# Tips on Fishing Wolf Bay



## Davelsj (Mar 7, 2012)

I have a place reserved on the south shore of Wolf Bay the 2nd week in June and I'm looking for some advice from locals on what to expect or what to try in that area. Thanks in advance!


----------



## BASSTRACKER66 (Oct 2, 2007)

Dave-------
I fish Wolf Bay a lot and have posted many Pic about the trips-- Free Pictures at------------
http://basstracker66.multiply.com 
If you fish at night Wolf Bay has many good lights---
You said you were staying on the South Side--maybe South of the ICW?
Anyway as you get closer to your Vacation date let me know-------BT66


----------



## Davelsj (Mar 7, 2012)

Thanks, After I posted I found some of your posts regarding your catch in Wolf Bay and figured you fished there a lot.
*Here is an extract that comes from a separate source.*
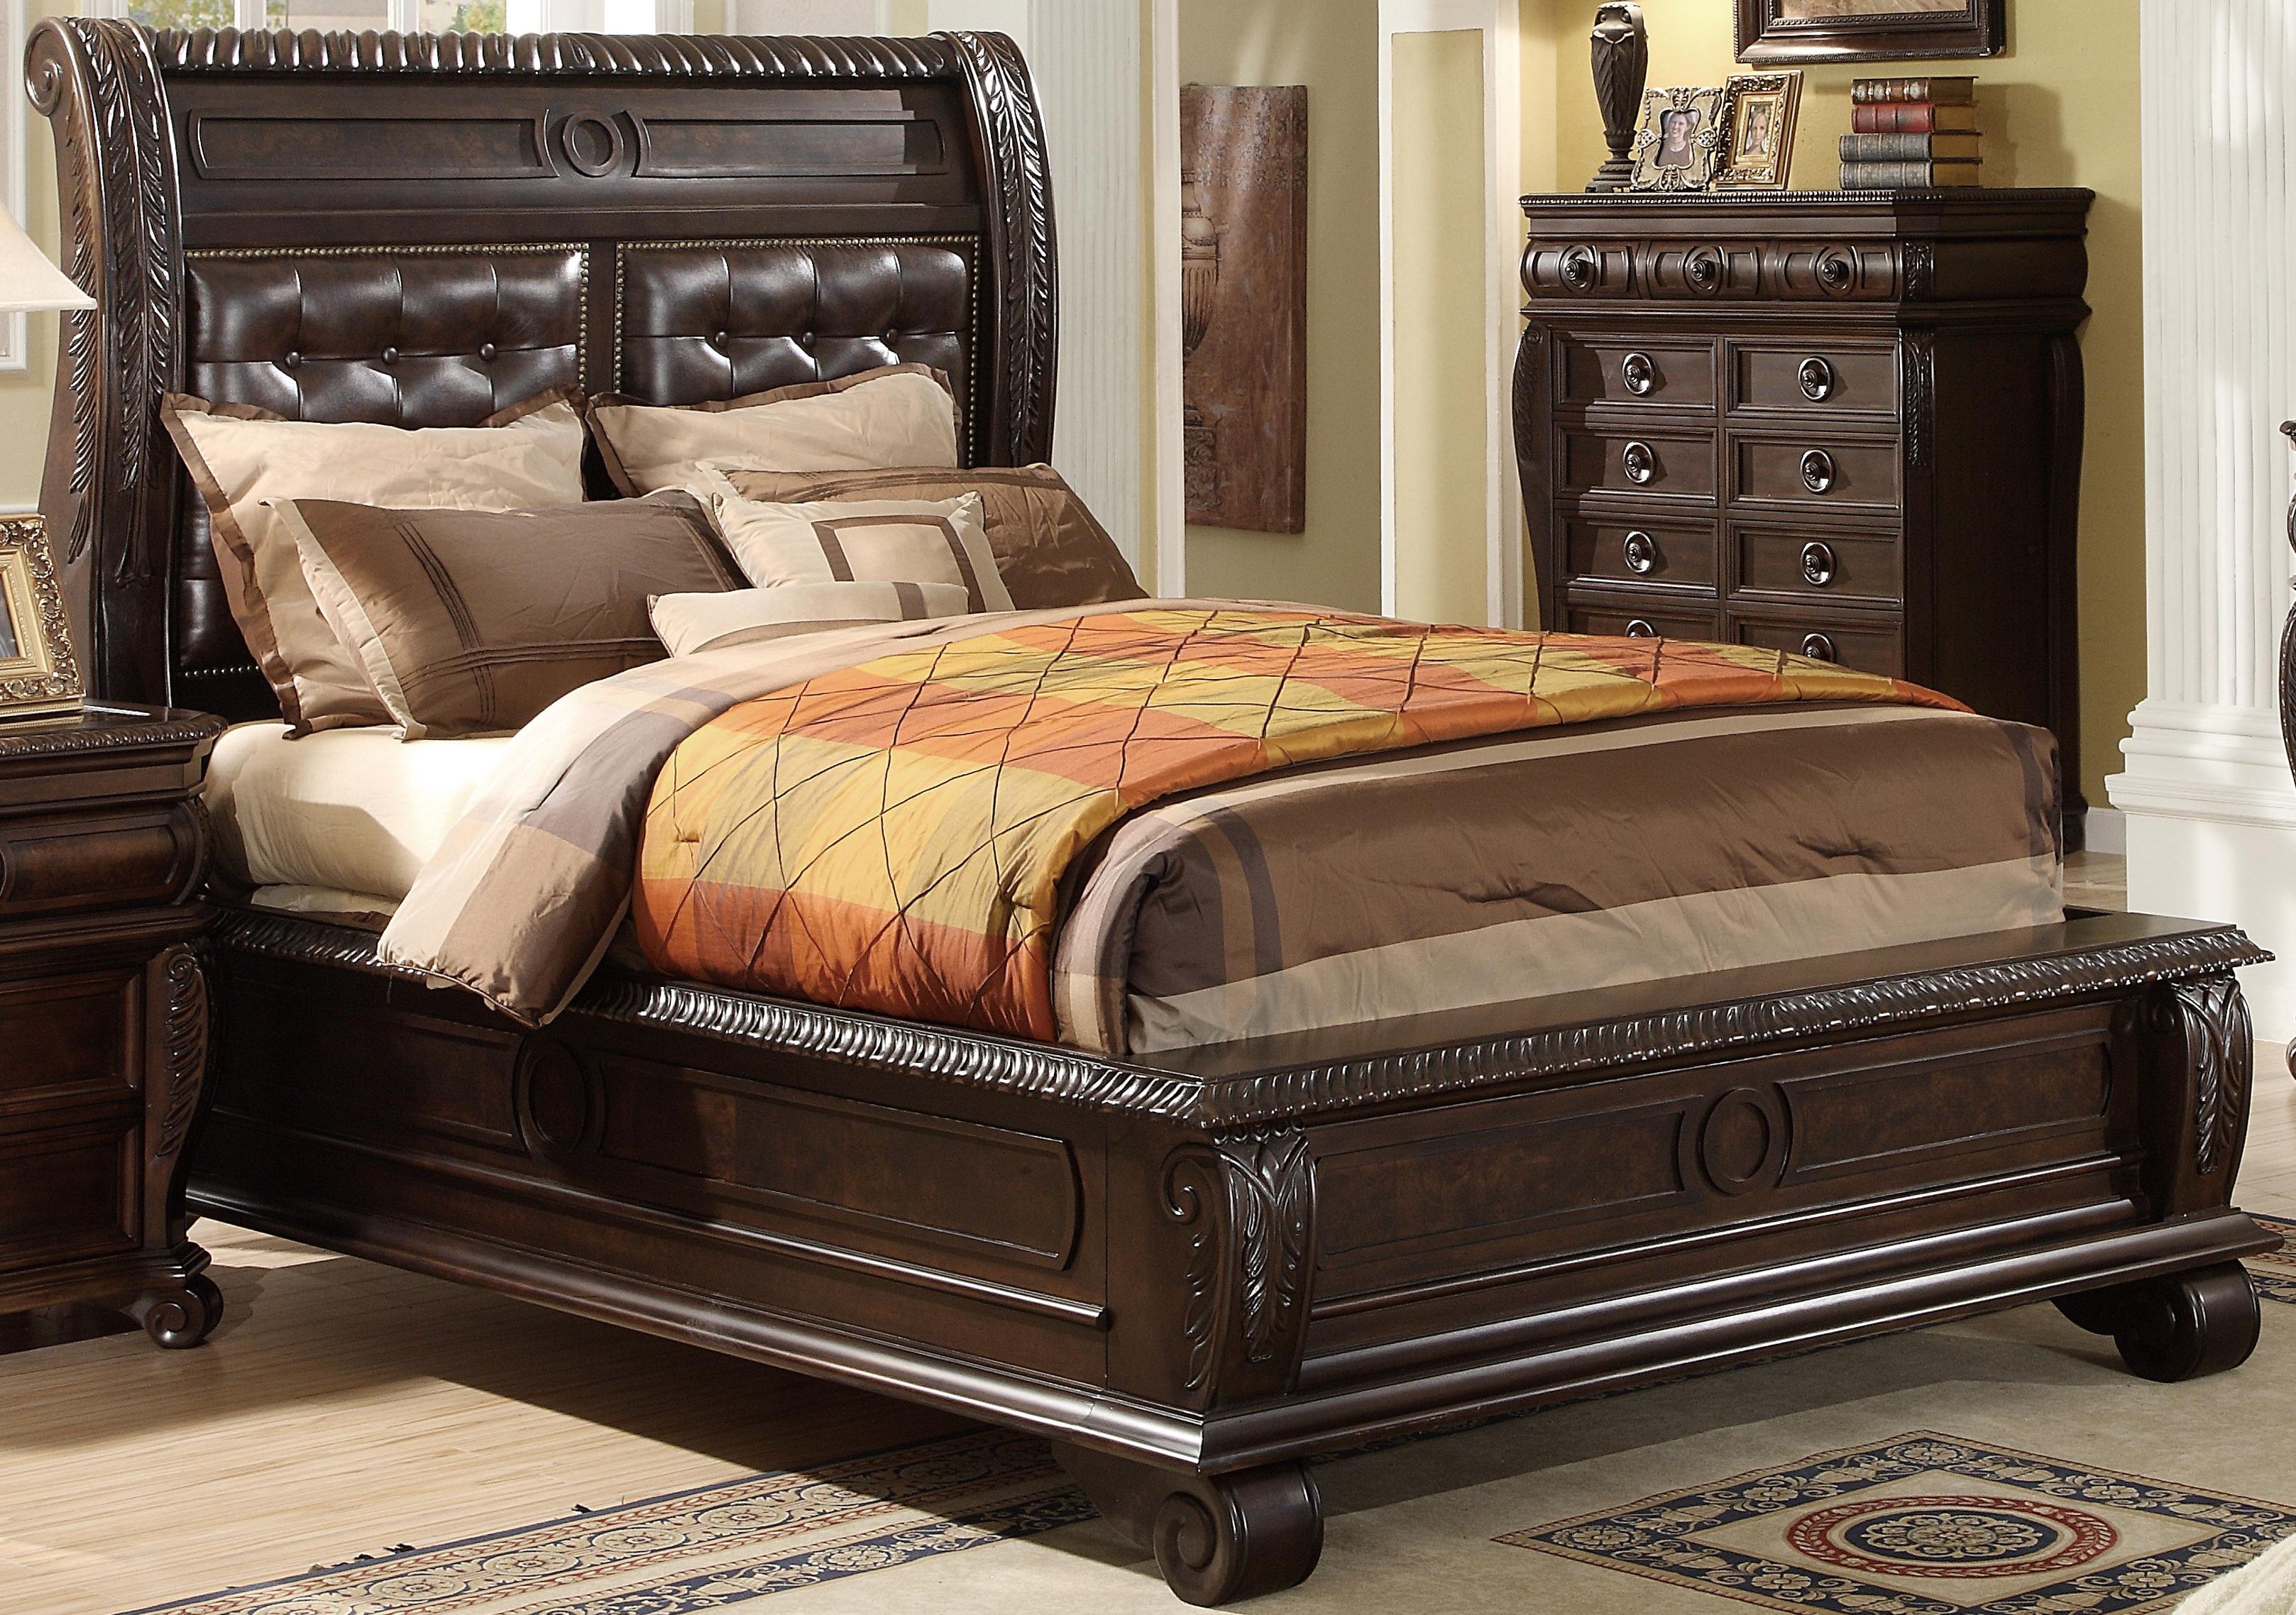 Home Insights B2160 Queen Sleigh Bed

We have a place right on the southern shore of Wolf Bay just about where Orange Beach Blvd intersectws with Canal Rd. There is a pier available so I can leave the boat in the water right there at the condo. We arrive on the 7th of June. I'll give you a holler just prior to that. I've never fished down there in my boat. I love fishing from the pier and going out on charters but my knowledge of the in-shore stuff is zero. I figured we would get some bait and advice from a bait shop and go throw it in and see what happens.


----------